What you should do.
Everything in the listing except the pictures should be written out exactly.

Provided data.
_ _ _ _ _ _ _

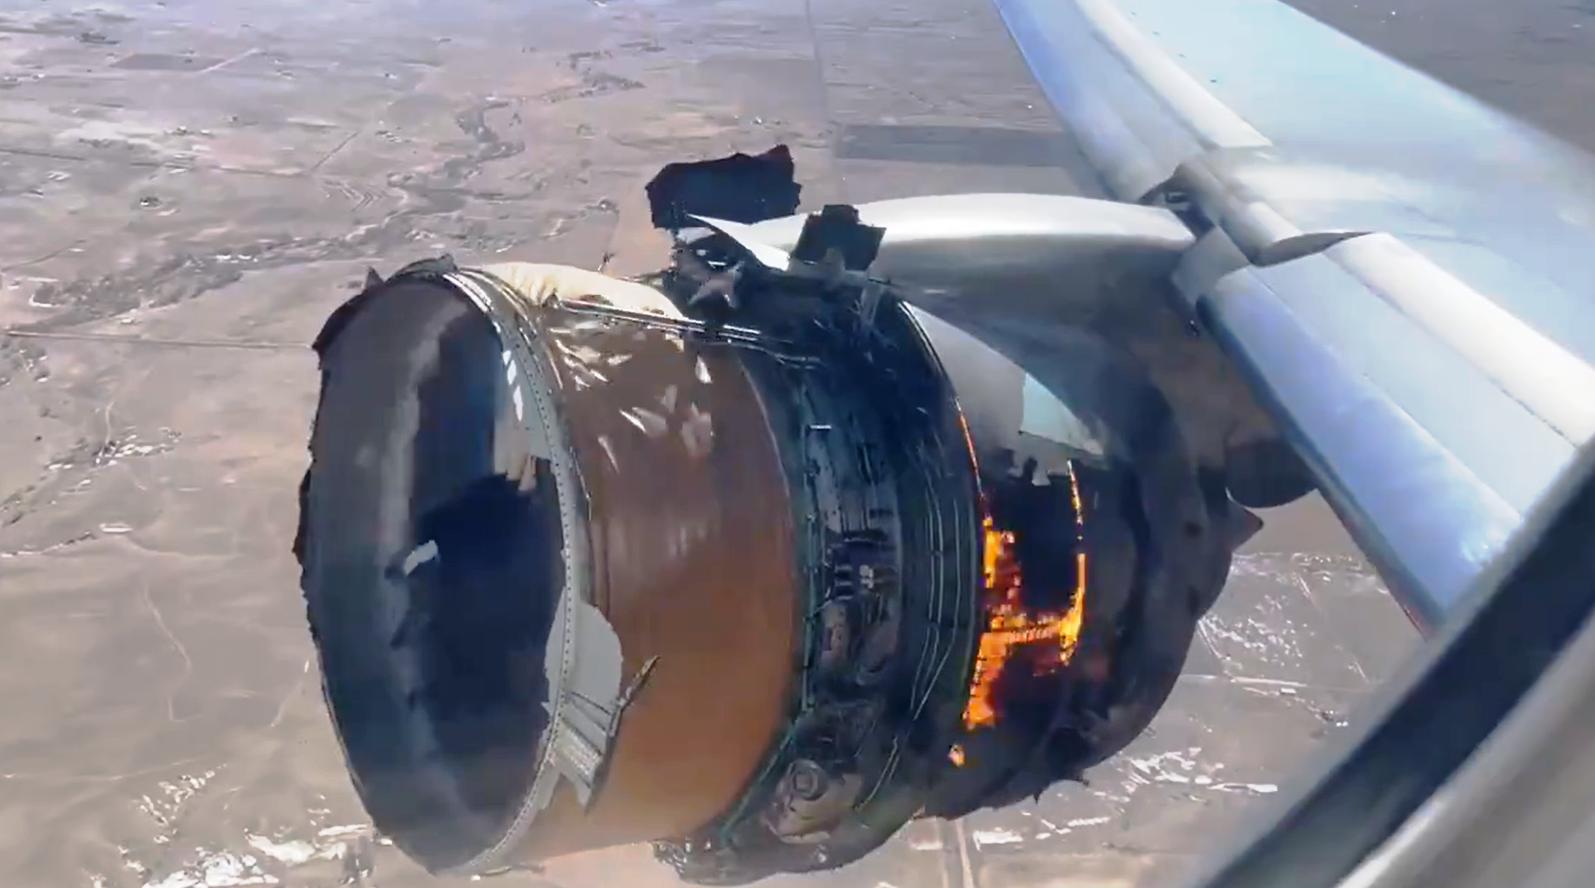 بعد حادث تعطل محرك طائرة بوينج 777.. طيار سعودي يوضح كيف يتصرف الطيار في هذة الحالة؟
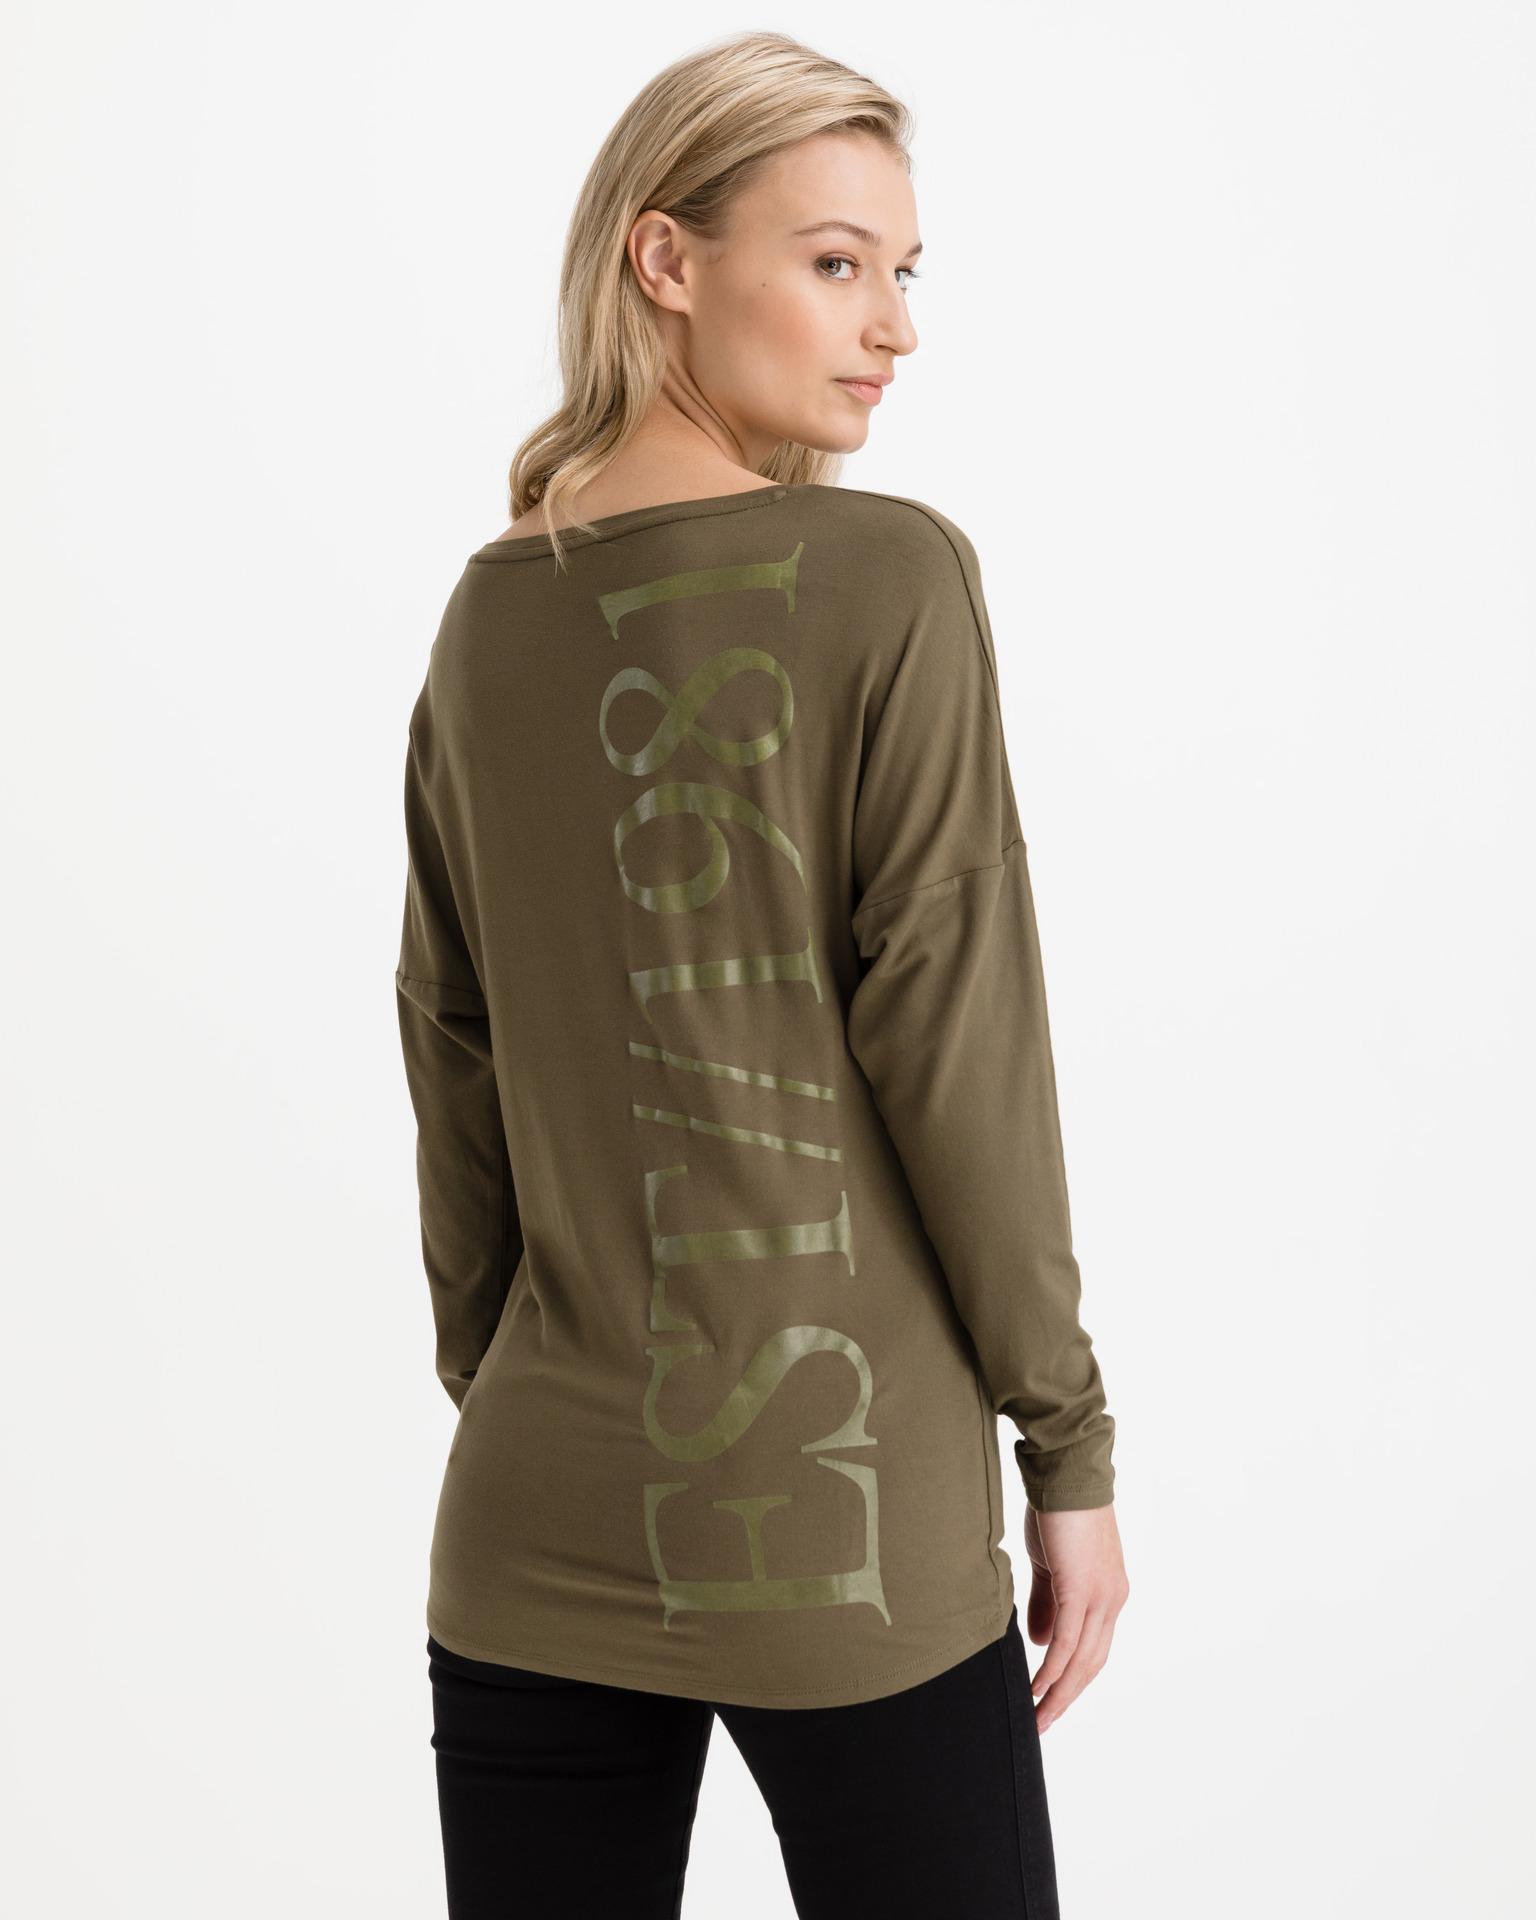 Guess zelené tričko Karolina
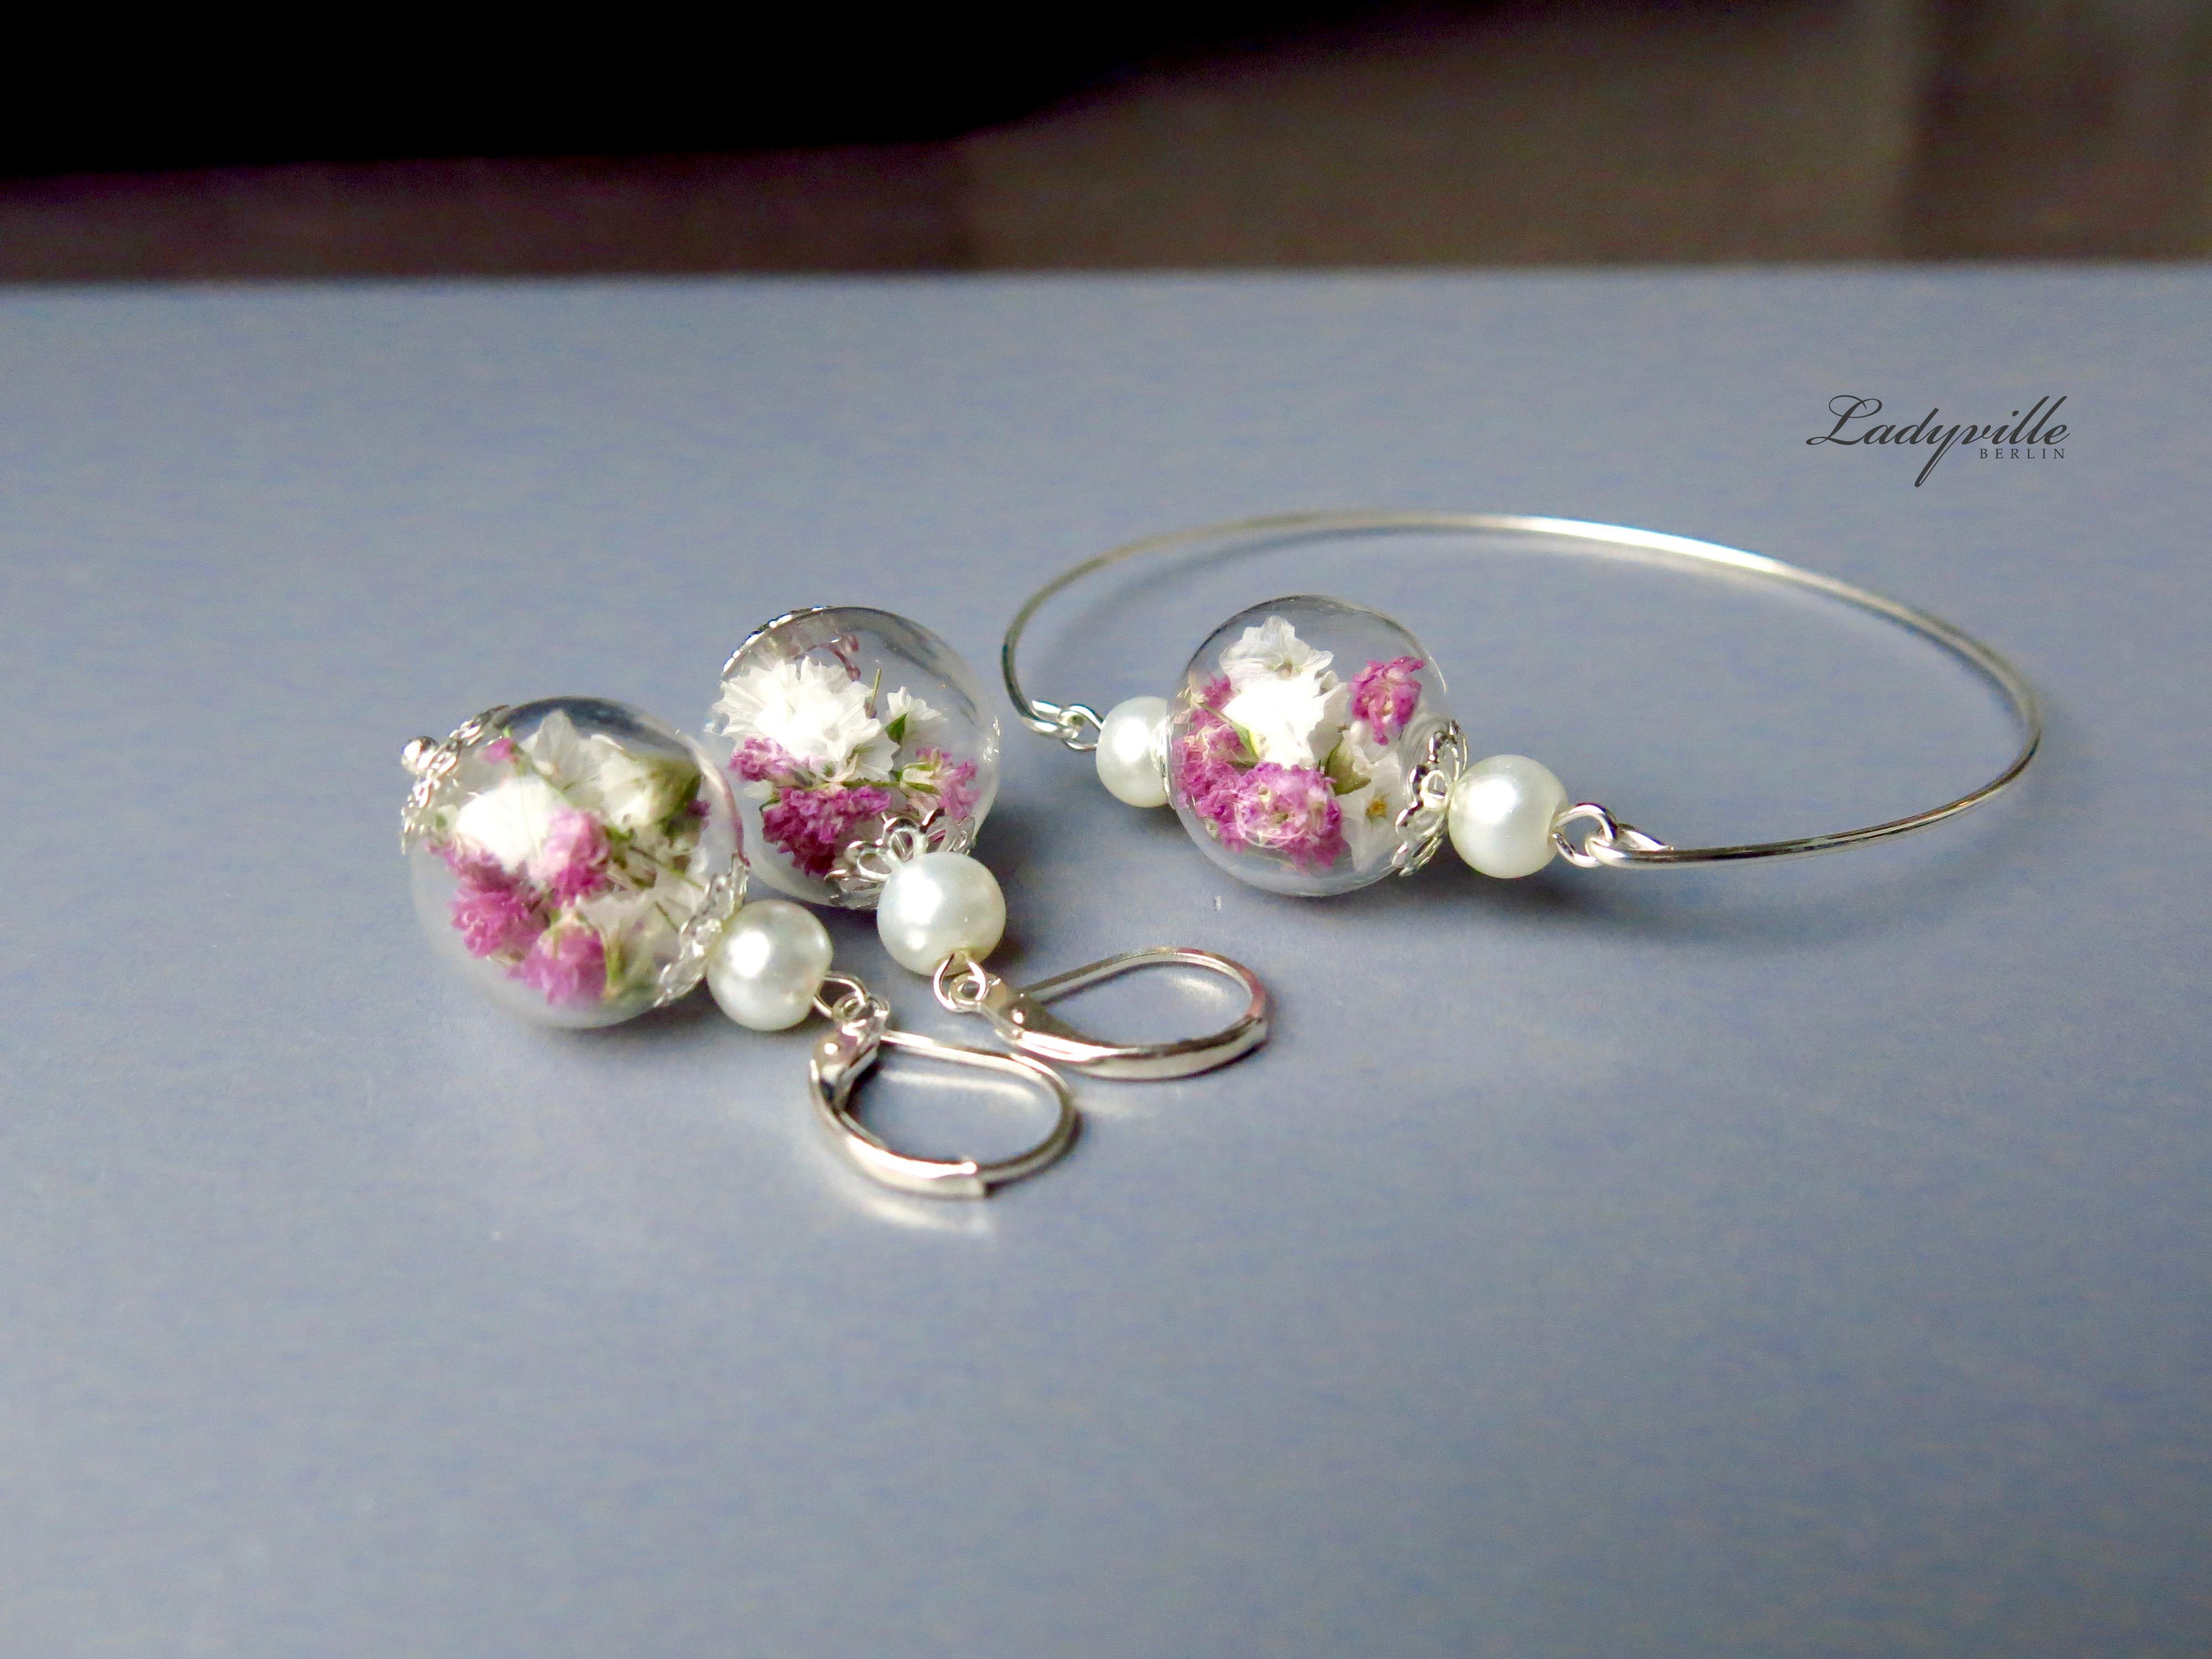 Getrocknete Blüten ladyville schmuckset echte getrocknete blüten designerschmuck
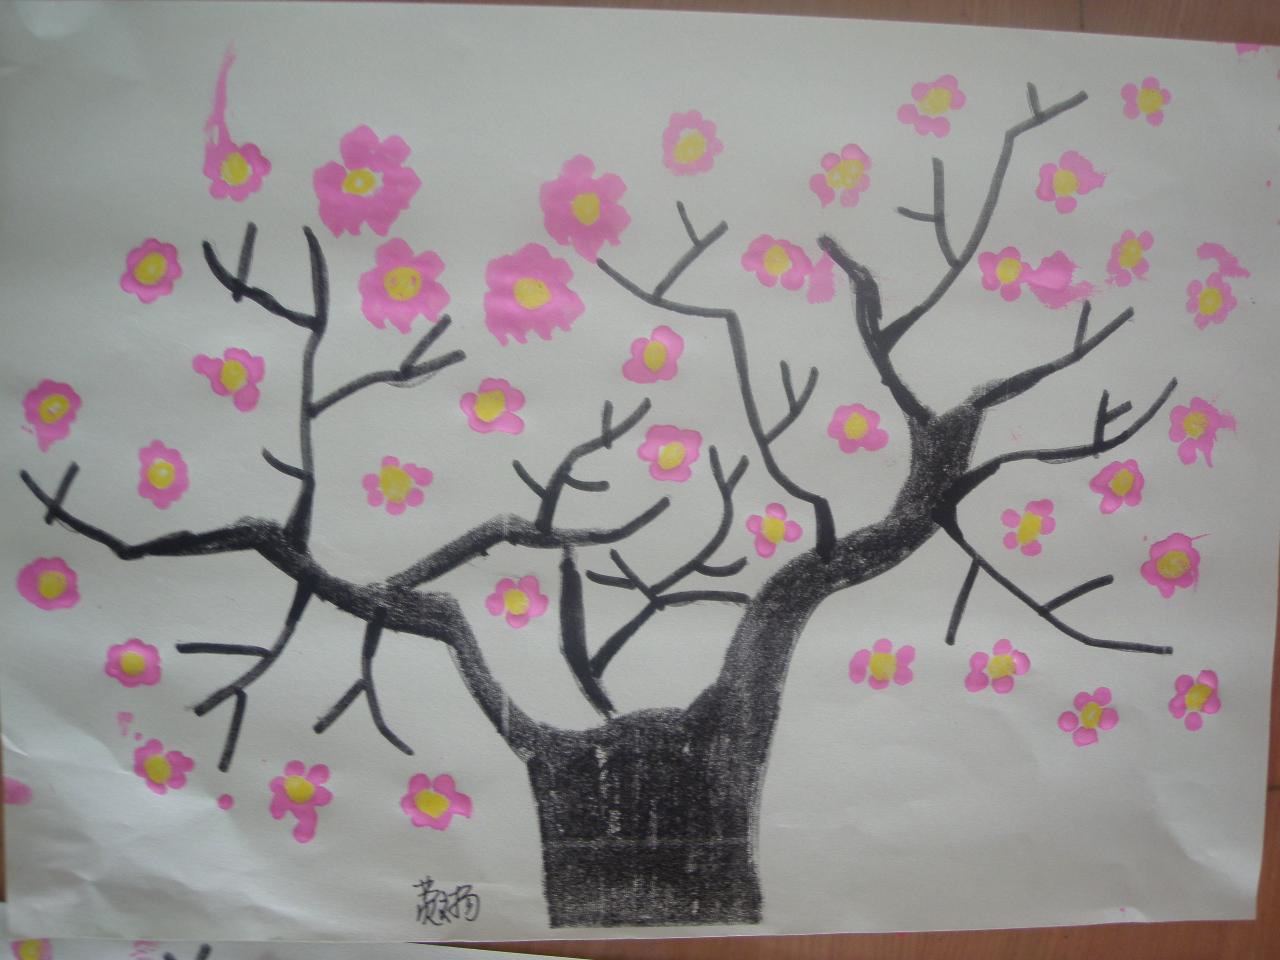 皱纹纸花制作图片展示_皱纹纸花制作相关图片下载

_ _ _ _ _ _ _

Result of the exercise.
 بعد حادث تعطل محرك طائرة بوينج 777.. طيار سعودي يوضح كيف يتصرف الطيار في هذة الحالة؟
 Guess zelené tričko Karolina
 Getrocknete Blüten ladyville schmuckset echte getrocknete blüten designerschmuck
 皱纹纸花制作图片展示_皱纹纸花制作相关图片下载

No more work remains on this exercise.